At least for the US government, that's not going to happen. The government controls the servers is a non-negotiable contract term. We even have our own AWS regions for US government work.
Nah, that's looser than you think. Contractors deploy to the government cloud regions on AWS and Azure all the time. There's no reason GitLab can't become a qualified contractor and gain access.
The government cloud regions are way more about meeting compliance with all levels of FedRAMP and DoD requirements. Such as exclusively only US Citizens may access the systems even on the cloud hosts staff (so no foreign/remote/visa employees) and a whole list of other requirements both big, small and annoying (like FIPS) that affects everything from software to the physical building.
GitLab has already confirmed in comments here that removing self-hosted isn’t something they’re going to do.
That said, as you note yourself, the government is perfectly fine w/ not controlling the servers.
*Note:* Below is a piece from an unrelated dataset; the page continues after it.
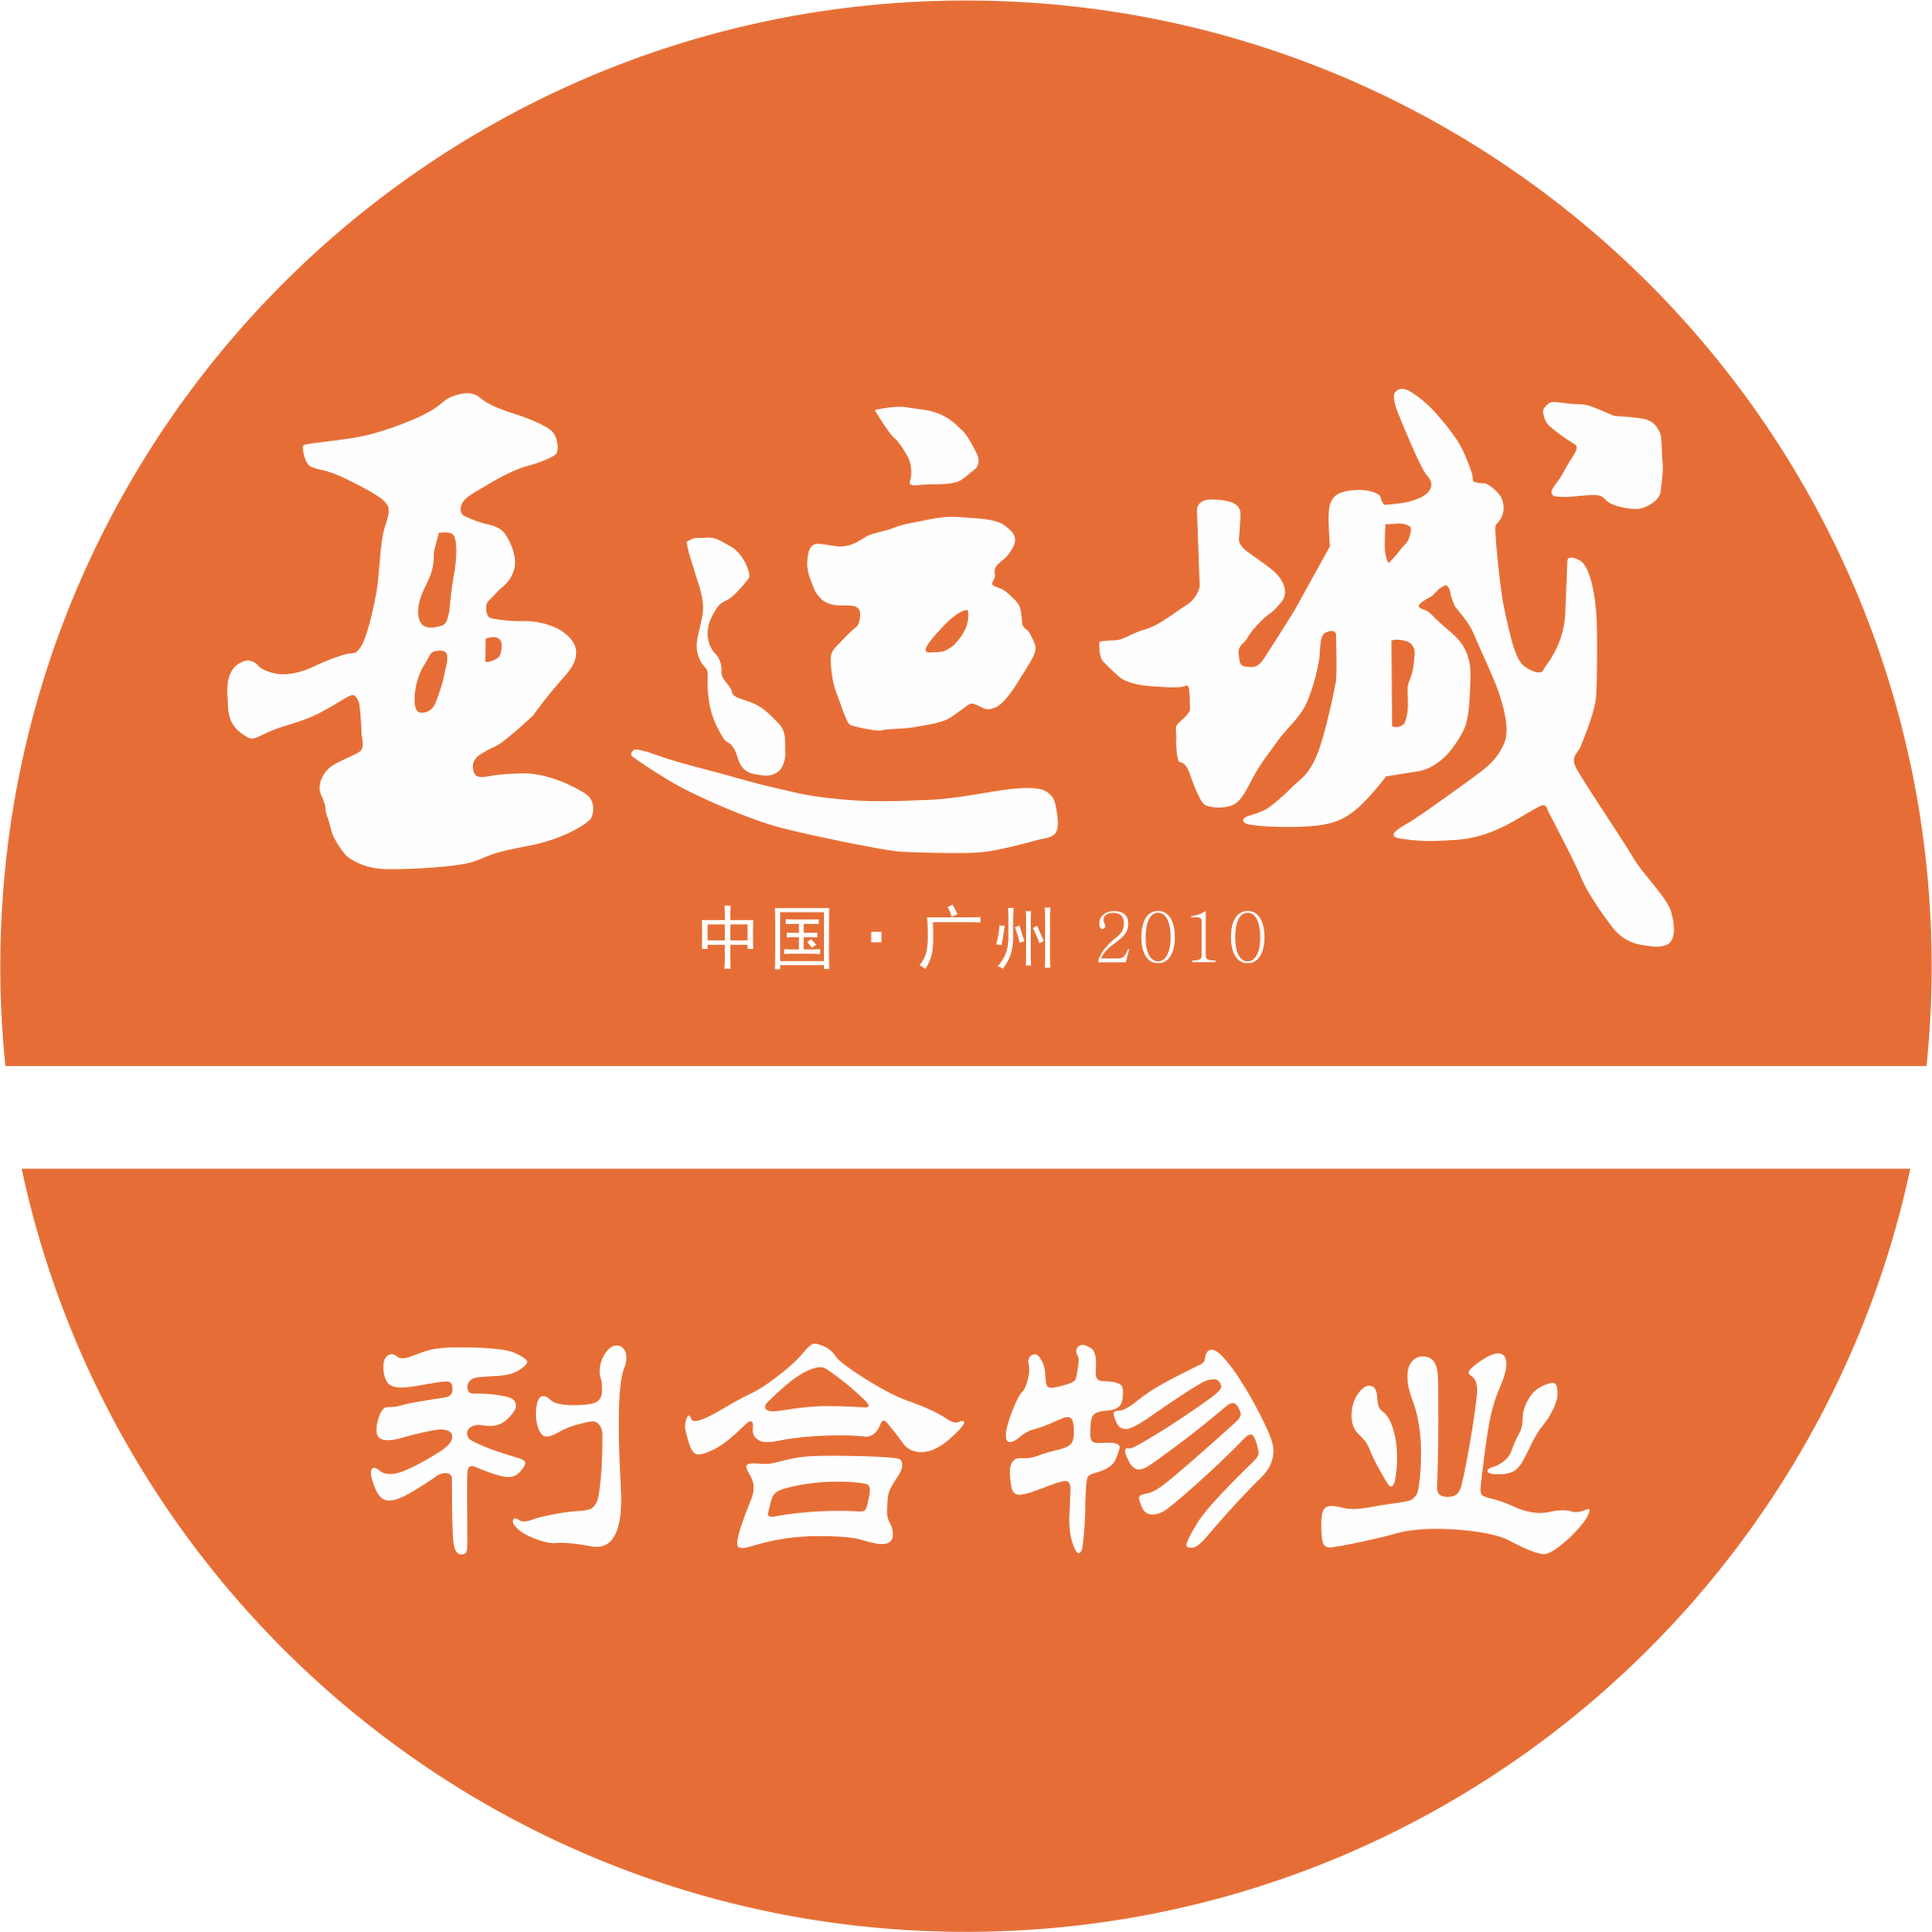 广州利合物业管理有限公司

GitLab could offer single-tenant (or heck, even multi-tenant) SaaS in AWS GovCloud and sell to government customers.
I bet differently. Gov CIOs are being forced to adapt to rapid business solutioning and minimal overhead. It takes years to operationalize a Gitlab instance, and then requires permanent O&M less adaptive to IT cultural shift.
Gov IT leaders will move to Gitlab SaaS overnight, once it's FedRAMP approved and migration is enabled through a click of a button.
Maybe less favorable for AWS and their contracts oriented to long-term gov owned compute.
There’s plenty of people that want dedicated deployments without having to manage the details of the deployment and upgrades. Especially those that already run their core on one of the target cloud platforms.